My name is morgan im 21 and i was a popular cheerleader in highschool, got good grades. And right now i have a great job and i make good money. But my life isnt what i want it to be i cant find my complete happiness. All day I sit and stare off and think about ways to end it all and then i think how i can stop these thoughts. How can i be proud of myself and let things go. I miss my old life and i no i can never have it back but it kills me that i dont wanna wake up in the morning. I go to work then i have to take care of everyone else and im forgeting about myself i should be having fun i mean im 21 its the best years of my life. But to me im not even living im just a robot doing everything im told all the time by my family and my boss and i cant get out of this funk im in. I tried killing myself i always fail so i figure my body does want to live my mind just wants to die. Well thats my expression for the day! Talk to me if you would like!
6 comments
awww maybe you just need to cut loose and have some fun
fuck that, who says 21s the best years of your life, make everyday the best day of your life, enjoy every moment of sight and pain and emotion, feel that feeling that everyone forgets to feel, feel alive. fuck your boss, fuck your family, fuck your life. if they truly understood how you feel then theyd understand its just they never will so its not their fault. my advise is to veto everything in your life right now, good and bad. sell everthing you have and just leave, go travelling. not travelling in the sense of club med and sight seeing but just rock up in some foreign villiage with nothing but your card for emergencies and gps. get a job, help the villiage a lil then move on. youve no idea just how amazing you will feel. right now youre not experiencing any of the exhilarating dangers or leaving a positive mark on this world, just go out into the real world the government shelters you home and remember that it just all about leaving the world a slightly better place to how you found it. and who knows, maybe someday there wont be a single person in the world who has to suffer what you are now.

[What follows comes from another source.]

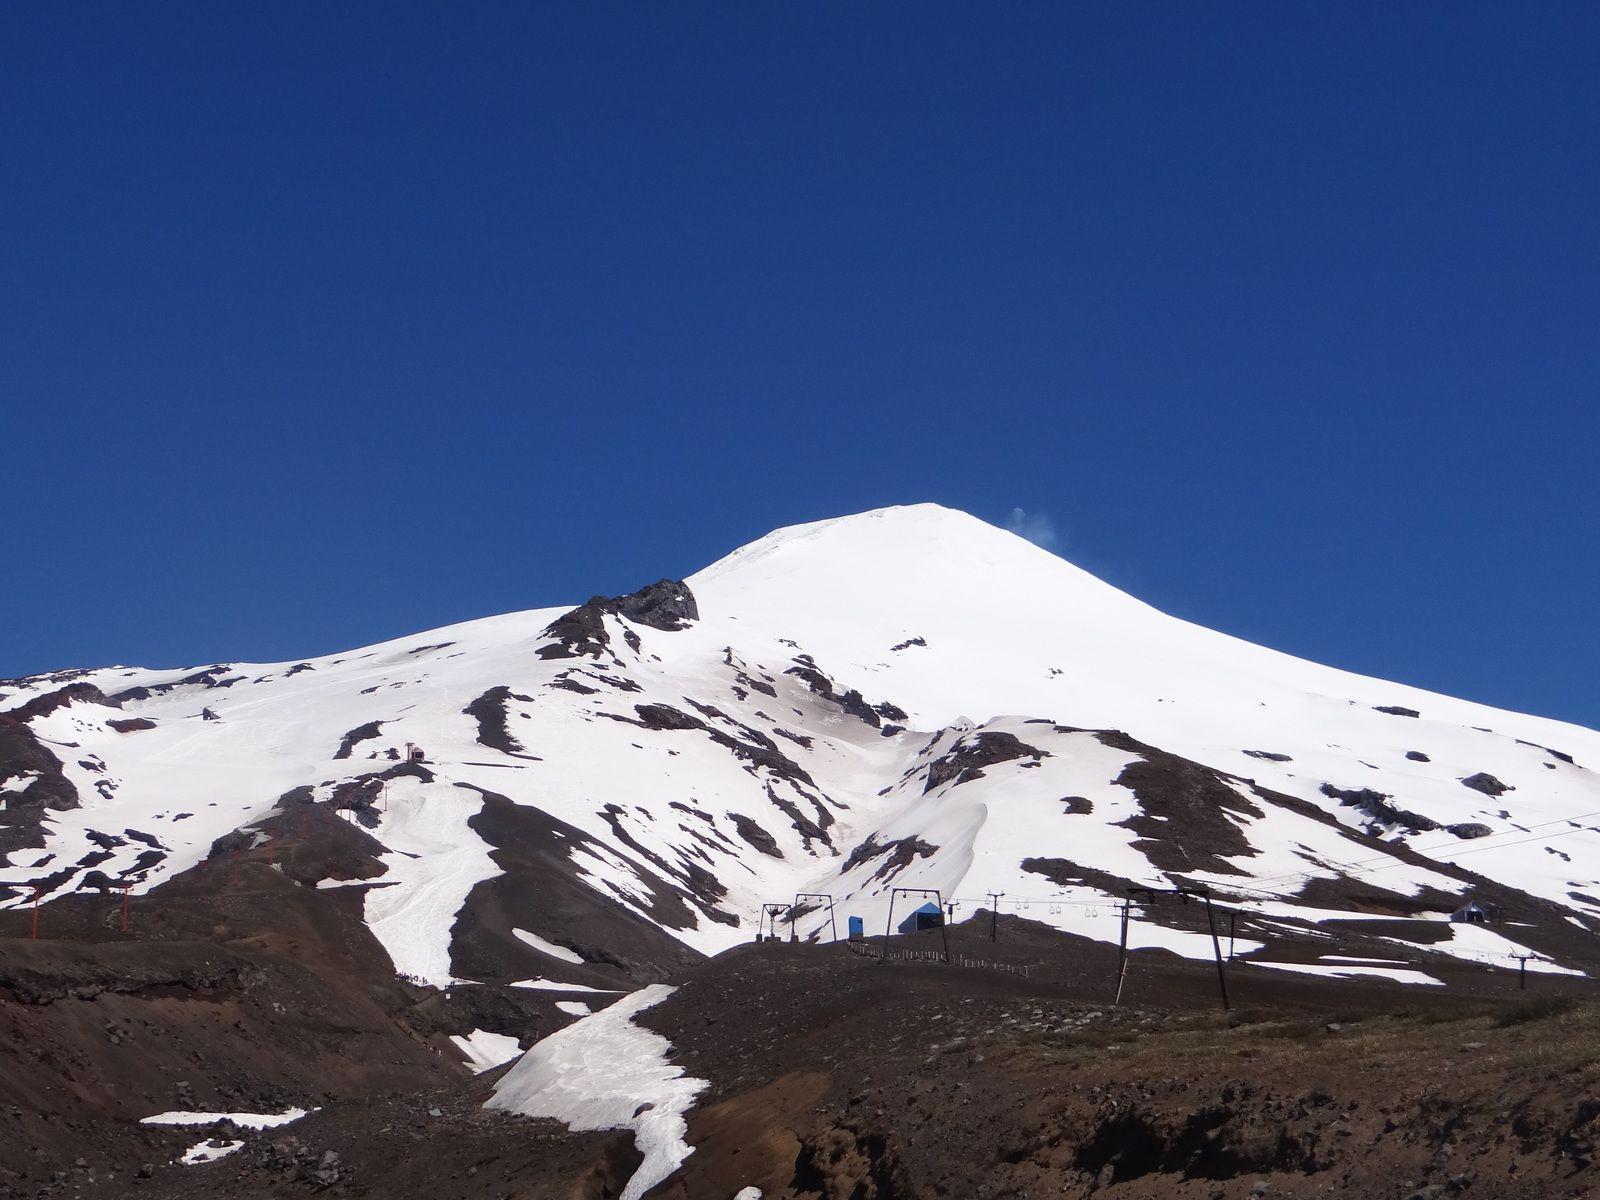 Voyage au Chili en 2013. 1ère partie San Pédro Atacama. Chanaral. Valparaiso. Pucon
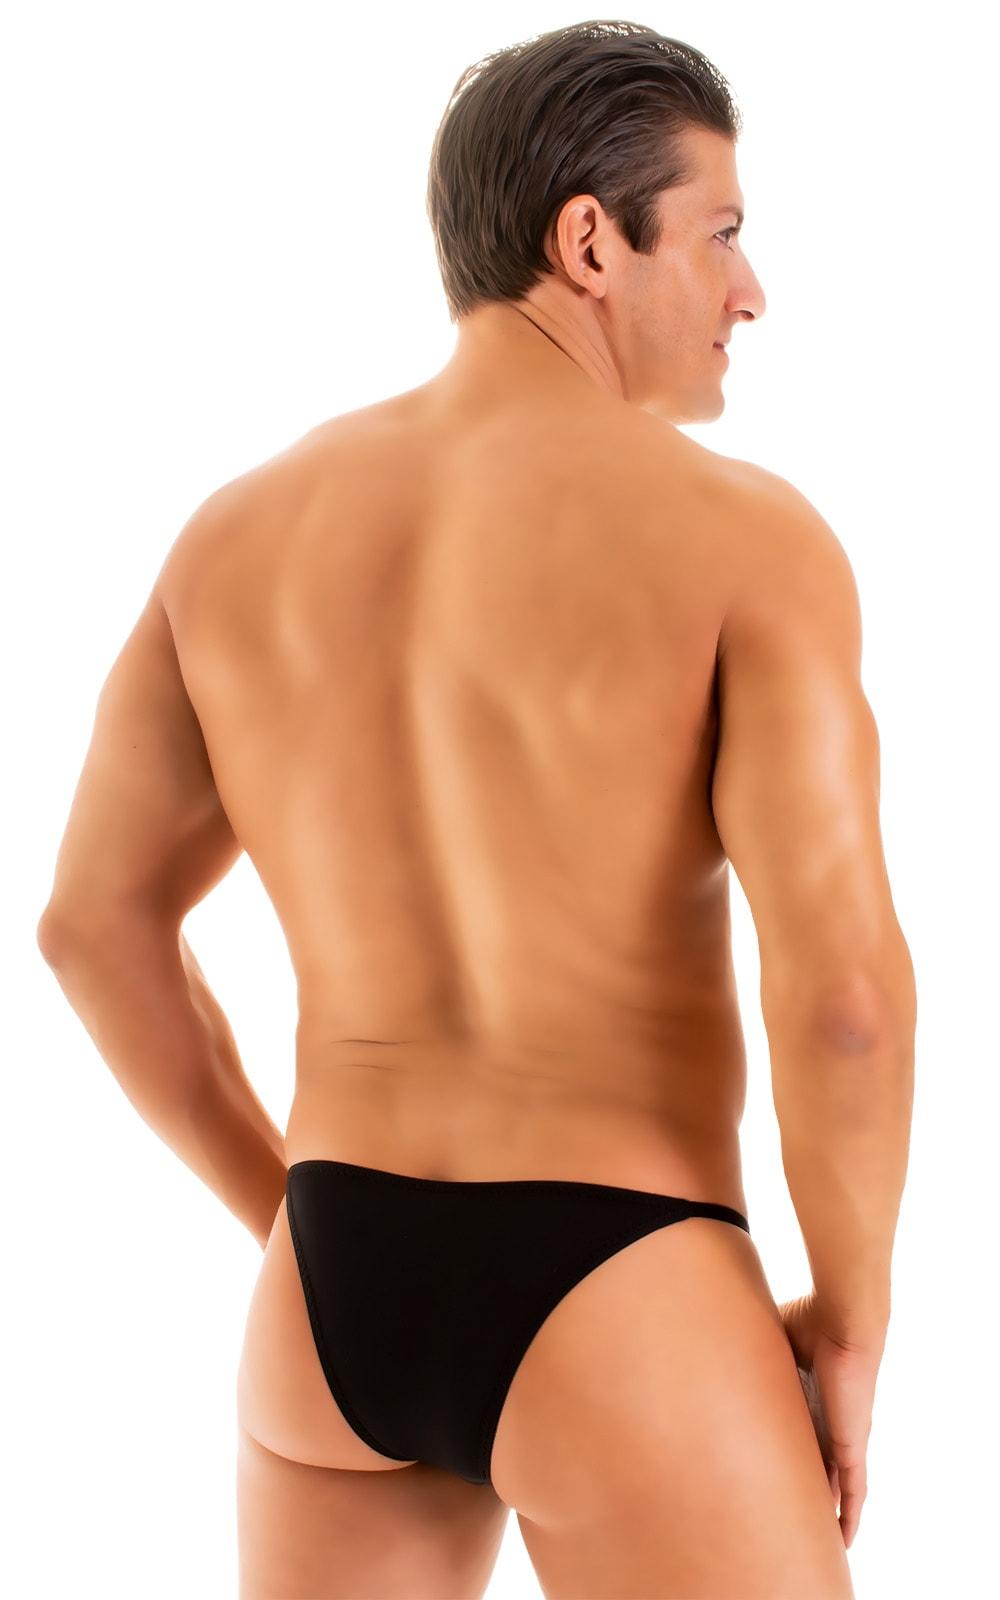 Super Low Brazilian Bikini in Super ThinSKINZ Black 3

my emails lauriejohnson1@hotmail.co.uk drop me a line if you want, im here if you need me
What was so good about the “old days” that you miss now, Morgan??
The old days i was a free spirit my family was together we had fun every summer. I had my own room and place now im bouncing back and forth between my grandmas and boyfriends i dont have a room i never get me time. it just sucks. i want my family back and my old years back where i didnt have to have so much responcibilities and no one was on my case all the time.
I can tell you’re in a much better position than most ppl here. For starters you have a partner.
Responsability is all part of adulthood. Get use to it. It’s not a bad thing. It’s a sign you’re worthy and trusted. The more responsabilities you have is the result of the better person you are.
Bouncing back and forth between two places is better than being stuck in some dull little town like I, trust me. I use to bounce back and forth between a city and town during my teenage years, and like you are now, I didn’t like it at the time. But looking back, those days were fun. Each place was different and special in its own way. Coming back to the same home every evening and waking up in the same bed every morning isn’t as fun (I’m not saying it’s bad either, it’s just not as fun and adventerous).
Please try look at the positives further down the road because I can already sense there are some waiting for you and I’m a miserable, depressed bastard myself.